Linear Interpolation
Interpolation is a fundamental technique that allows us to estimate values at arbitrary positions between known data points. It is often used to fill in the blanks in computer graphics and image processing when information is only available in certain places.
Most of the time, image data is stored on a regular 2D or 3D grid, with values saved at the points where the lines intersect. However, we often have to examine numbers that are scattered throughout the grid.
When a sample point falls exactly on a grid vertex, we can use the stored value. But if it falls inside a cell, we have to figure out a value by averaging the values of all the vertices nearby. The process of finding numbers in the middle is called interpolation.
For instance, think about what happens when you want to show a small picture on a bigger screen. Every pixel in the original picture has to be stretched to fill more than one pixel on the screen. But what values should those new pixels have? This is where interpolation comes in: it creates smooth transitions between the known pixel values.
One of the best ways to get familiar with how interpolation works is to start from the simple 1D case in which data is given on a straight line. We know two points, a and b. The goal is to find the number that is between them.

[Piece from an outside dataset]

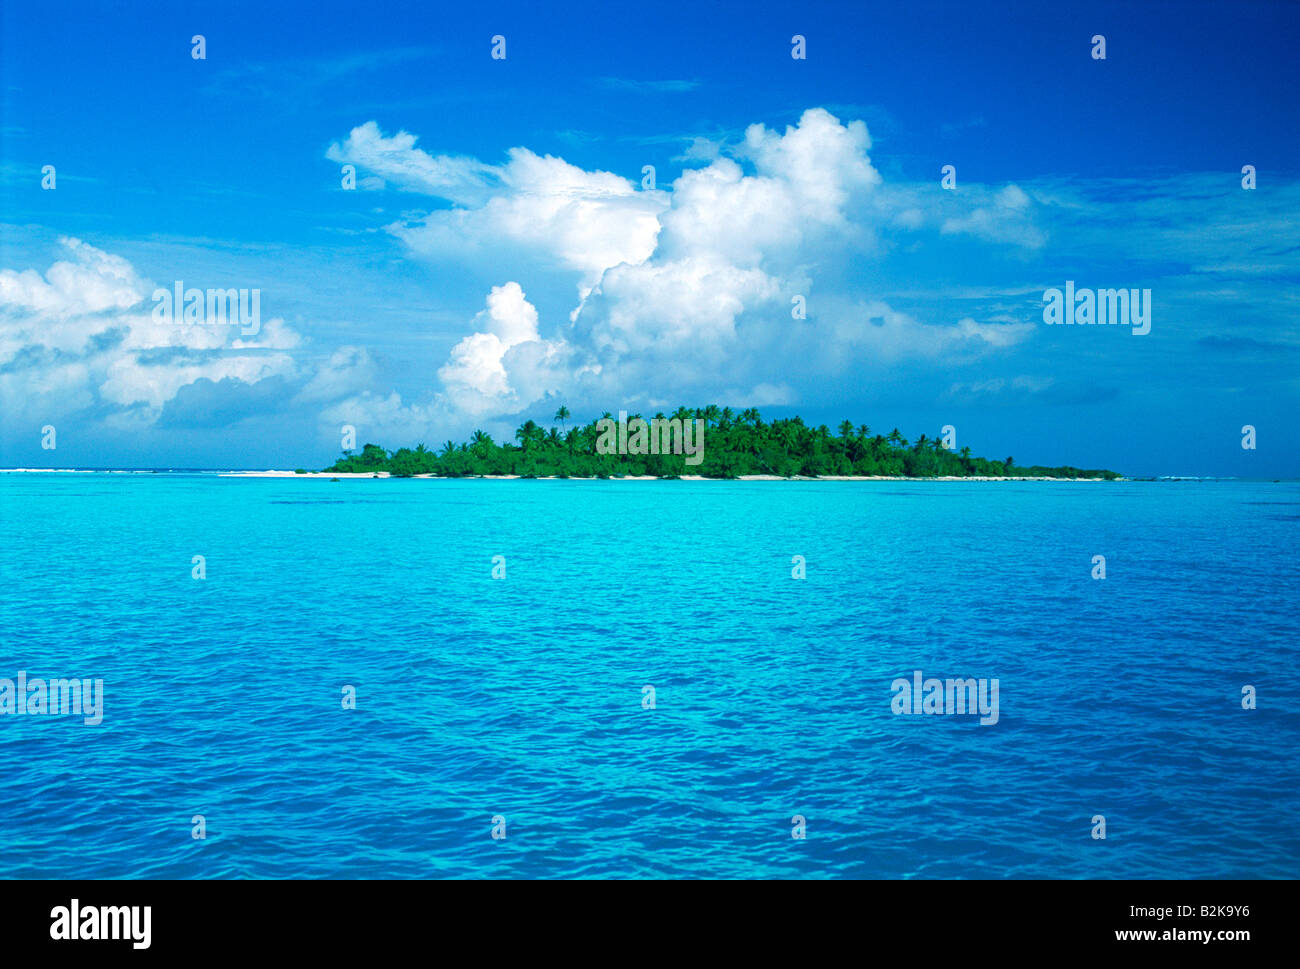 Entkommt der Wüste Insel oder einsame Insel in der Mitte des Aquablau Wasser repräsentieren Ferienorte und Urlaub Stockfoto

This type of interpolation is called linear interpolation, and can be written in math as: result = (1 - t) * a + t * b. Here, t is a number between 0 and 1 that represents a position between a and b. When t = 0, the result equals a; when t = 1, the result equals b.

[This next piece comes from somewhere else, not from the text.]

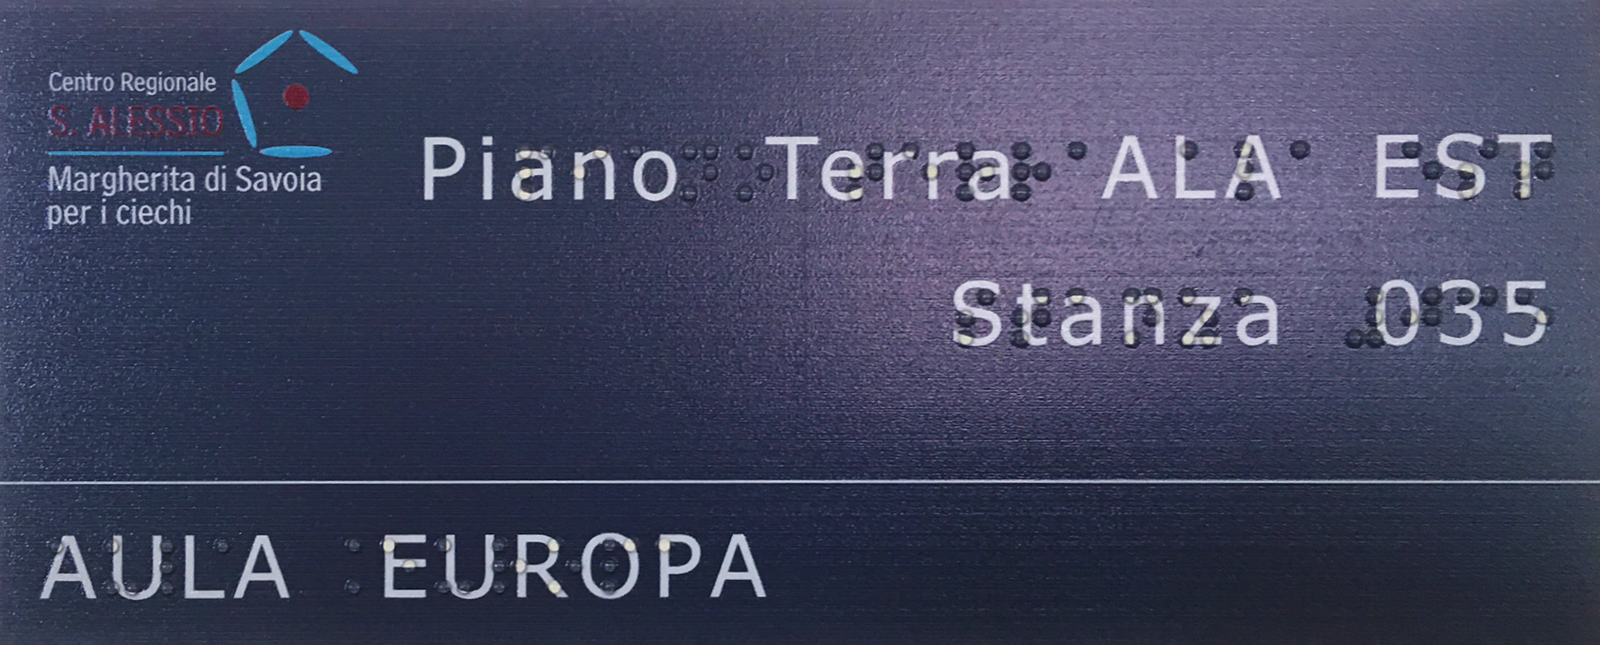 Targhe Braille di indicazione - Centro Regionale S. Alessio per ciechi - Roma

Even though it is relatively simple, linear interpolation is the basis for more advanced interpolation techniques. Bilinear and trilinear interpolation used for 2D and 3D grids both build on the idea of linear interpolation by applying it along each axis.
In the following sections, we will discuss how linear interpolation extends to higher dimensions and how to make the most of implement these techniques efficiently in graphics applications.
Bilinear Interpolation: The 2D Approach
When we move from 1D lines to 2D images or textures, we need a more sophisticated approach. This is where bilinear interpolation comes in handy. As the name suggests, the idea is to perform linear interpolation twice, once along each axis.
Let's say we have a 2D grid and we want to find a value at a point inside a square cell. The four corners of this cell are c00, c10, c01, and c11. The goal is to find the value of a point inside the cell whose coordinates are (cx, cy). Here's how bilinear interpolation works:
We perform two linear interpolations along the x-axis. We interpolate between c00 and c10 to get the point a, and between c01 and c11 to get the point b.
Then, we perform one more linear interpolation along the y-axis between points a and b to get our final result.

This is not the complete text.